Here is the front page:

mnras_paper

This was before the days of arXiv so there isn’t a copy on the preprint server, but you can access the whole article here on NASA/ADS.

All right. I know it’s a shitty little paper. But you have to start somewhere!

I’m particularly sad that, looking back, it reads as if I meant to be very critical of the Kaiser (1984) paper that inspired it. I still think that was a brilliant paper because it was based on a very original idea that proved to be enormously influential. The only point I was really making was that a full calculation of the size of the effect Nick Kaiser had correctly identified was actually quite hard, and his simple approximation was of limited quantitative usefulness. The idea was most definitely right, however.

I was just a year into my PhD  DPhil when this paper came out, and it wasn’t actually on what was meant to be the subject of my thesis work (which was the cosmic microwave background), although the material was related.

This paper provides two excellent illustrations of what a good supervisor John was. I was a bit stuck with the project that John had assigned me and eventually admitted to him that I was having problems getting anywhere. I thought he’d assume I was useless and suggest that someone else should supervise me. But no. He said he realised it was a hard problem and sometimes it’s good to think about something else when you’re stuck. So he asked me to look at cluster clustering for a bit. I told him what I found and he said I should write this up as a paper, which I did. Most importantly however the trick I used in simplifying the calculations in this paper turned out to be applicable to the first problem, hotspots in the cosmic microwave background, which led a success in the project and to my second paper. We were both delighted that everything turned out well with that original project.

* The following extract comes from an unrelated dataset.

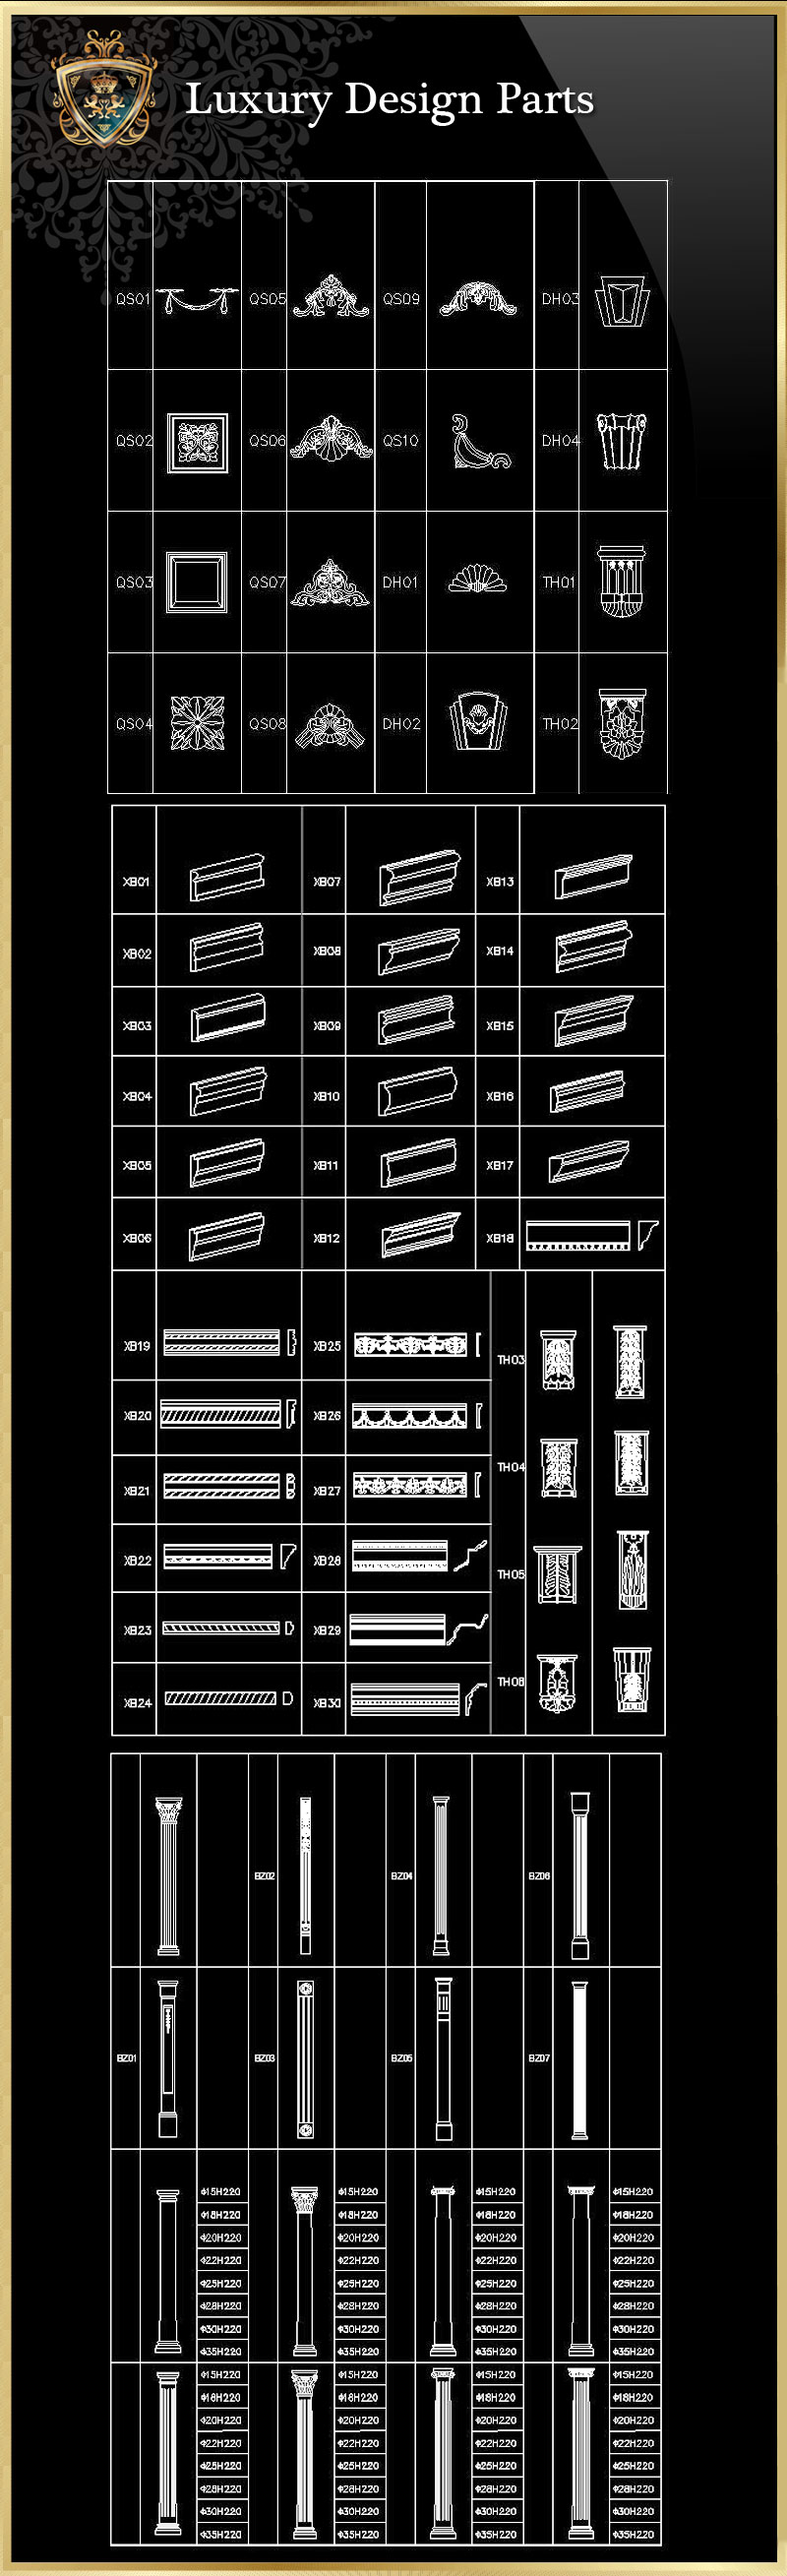 ★【Luxury Design Parts 6】Download Luxury Architectural Design CAD Drawings--Over 20000+ High quality CAD Blocks and Drawings Download!

My original draft of this first paper had John Barrow’s name on it, but he removed his name from the draft (as well as making a huge number of improvements to the text). At the time I assumed that he took his name off because he didn’t want to be associated with such an insignificant paper, but I later realized he was just being generous. It was very good for me to have a sole-author paper very early on. I’ve taken that lesson to heart and have never insisted – unlike some supervisors – in putting my name on my students’ work.

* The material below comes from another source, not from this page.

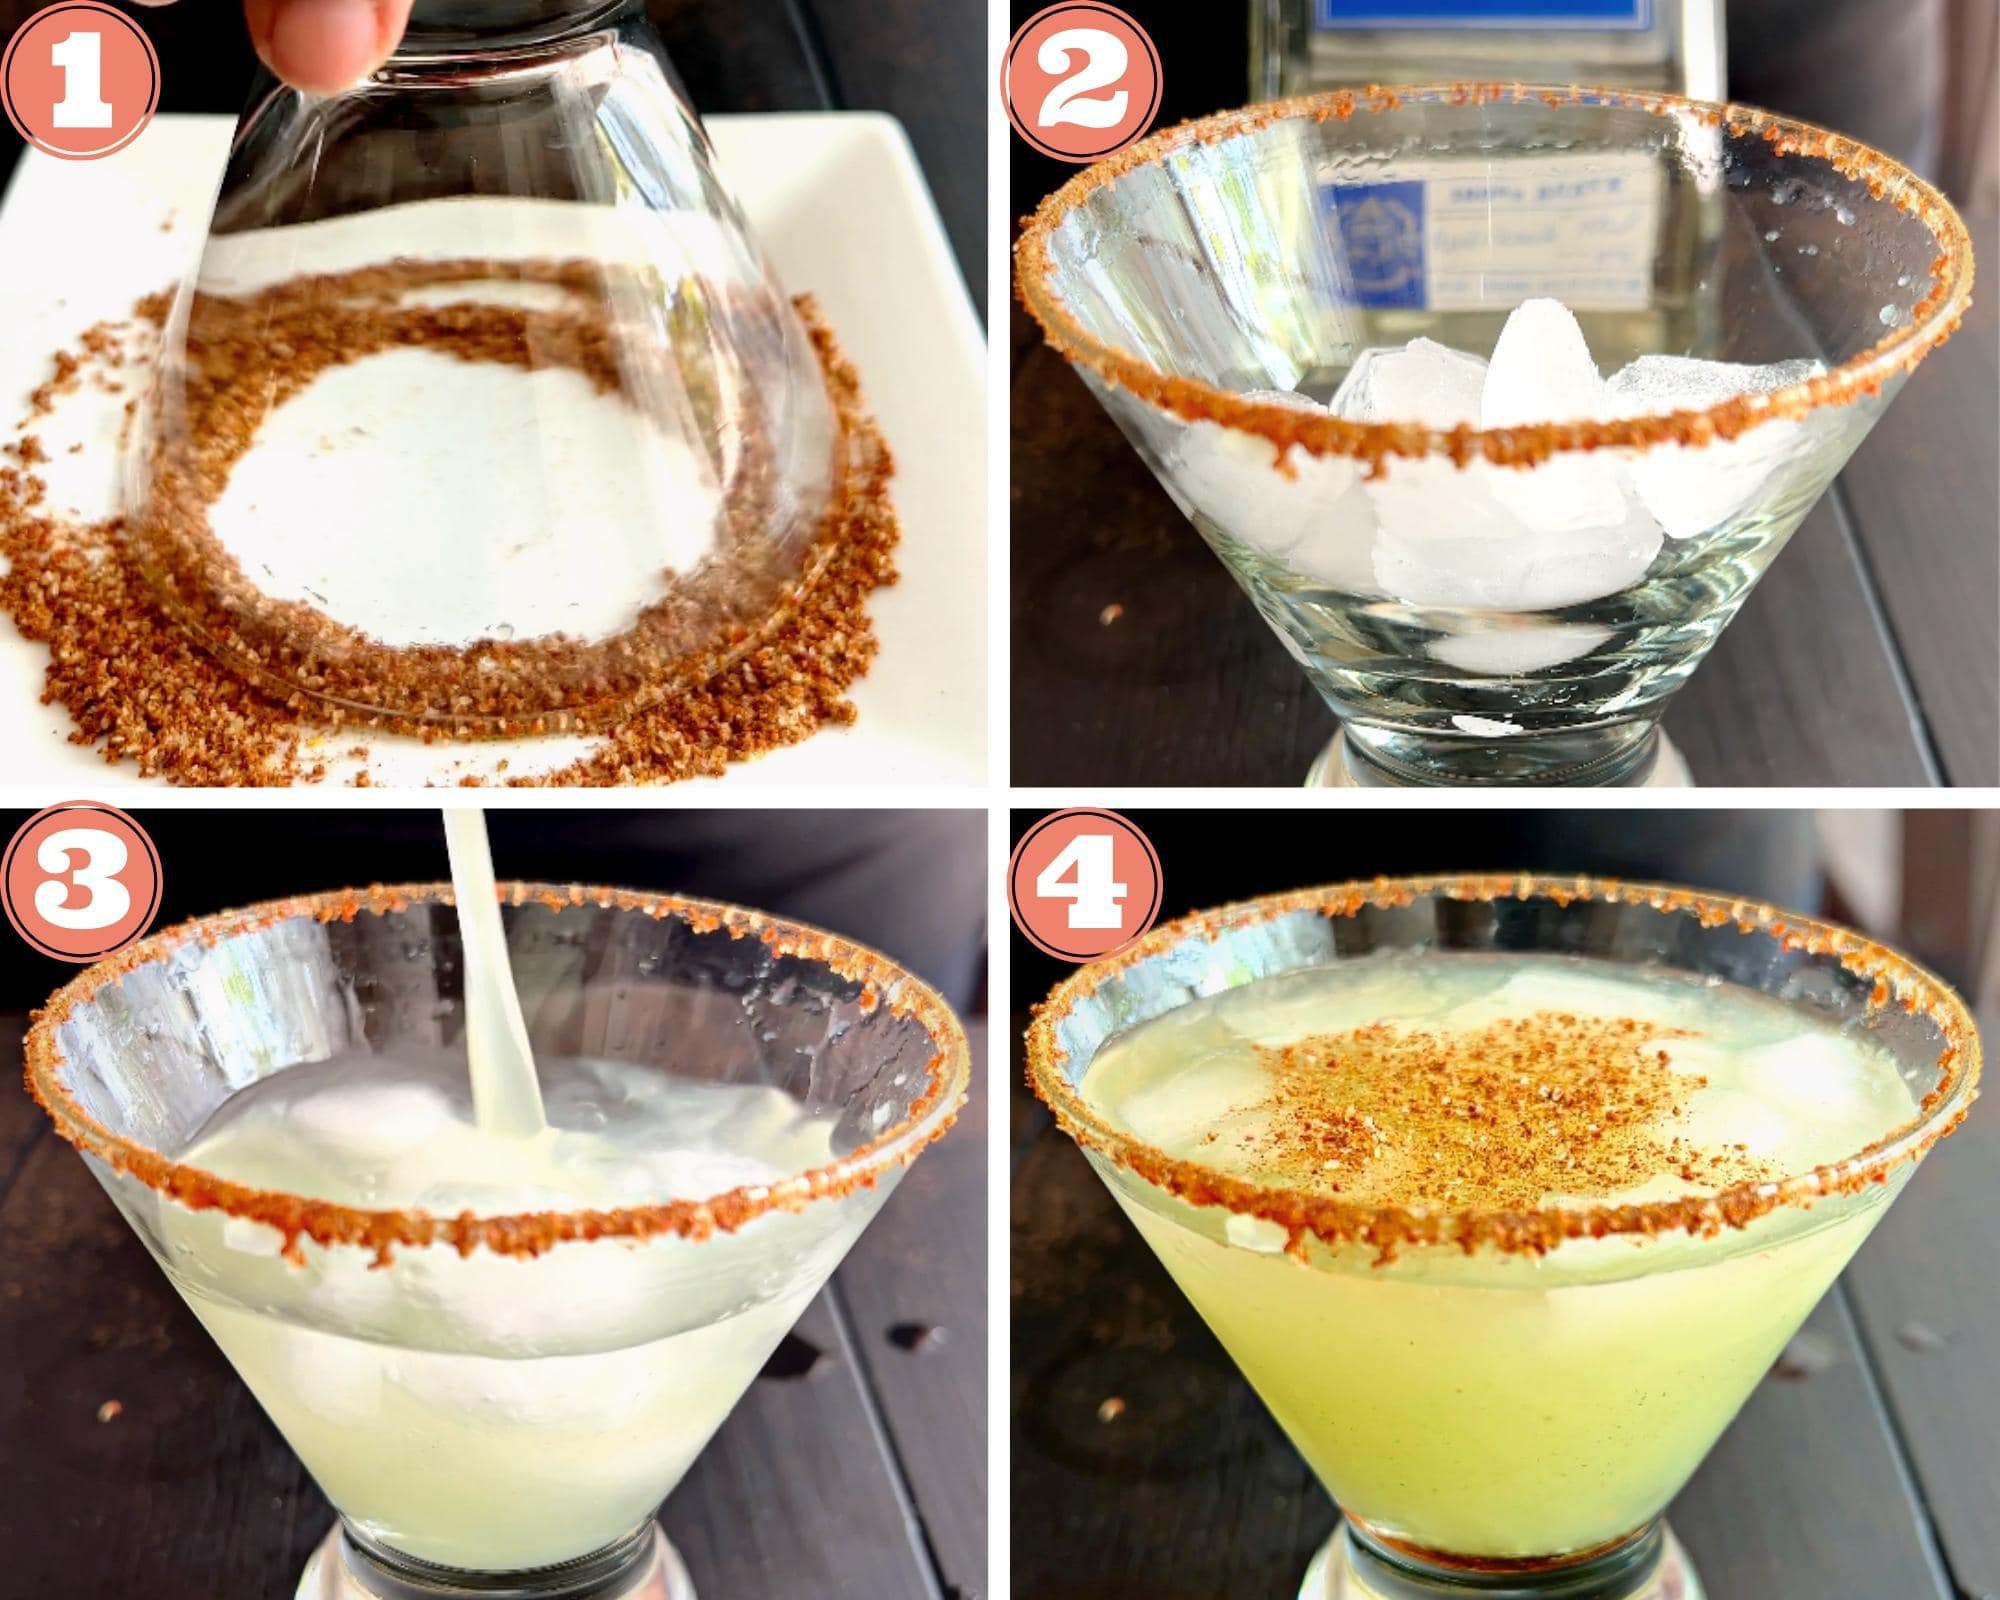 Steps 1-4 showing how to pour ice in glass, top with tequila and juice to make margarita

12 Responses to “Memories of My First Paper”

  1. The referee’s report on my first paper still haunts me…

    • The referee of my first paper (i.e the one above) actually signed his report…

      • I recall when as a referee you had the option to have your name revealed to the authors; don’t think that is the case anymore and they are always anonymised.

      • Anton Garrett's avatar
        Anton Garrett Says:

        I once wrote to an author in whose paper I had corrected a major mistake, but which was good afterwards (and was published), disclosing myself as referee. This started a cordial exchange.

      • I remember being vaguely astonished when I found out referees were anonymous!

      • I’m pretty sure I thanked the referee by name in the acknowledgements.

      • Anton Garrett's avatar
        Anton Garrett Says:

        Einstein refereed plenty of patent applications.

  2. Anton Garrett's avatar
    Anton Garrett Says:

    I remember Kim Il-Sung appearing as an author on a North Korean physics paper. I don’t know how common a name it is.

  3. Interesting that David Politzer (2004 Nobel laureate) also worked on this topic. Didn’t know that before

  4. My advisor, Joe Silk, didn’t put his name on papers I wrote as a grad student if he didn’t think he had contributed significantly. I agree that it’s an admirable thing to do. In my opinion, even if his only contribution was to suggest the problem and possibly to put me in touch with others who’d be good collaborators, that in itself is enough to merit a good deal of credit.

    Of course, Joe hardly needed my paltry publications to pad his CV. At a Festschrift for him some years ago, someone pointed out that he had averaged one paper every two weeks for something like 40 years (at the time — more than 50 years now).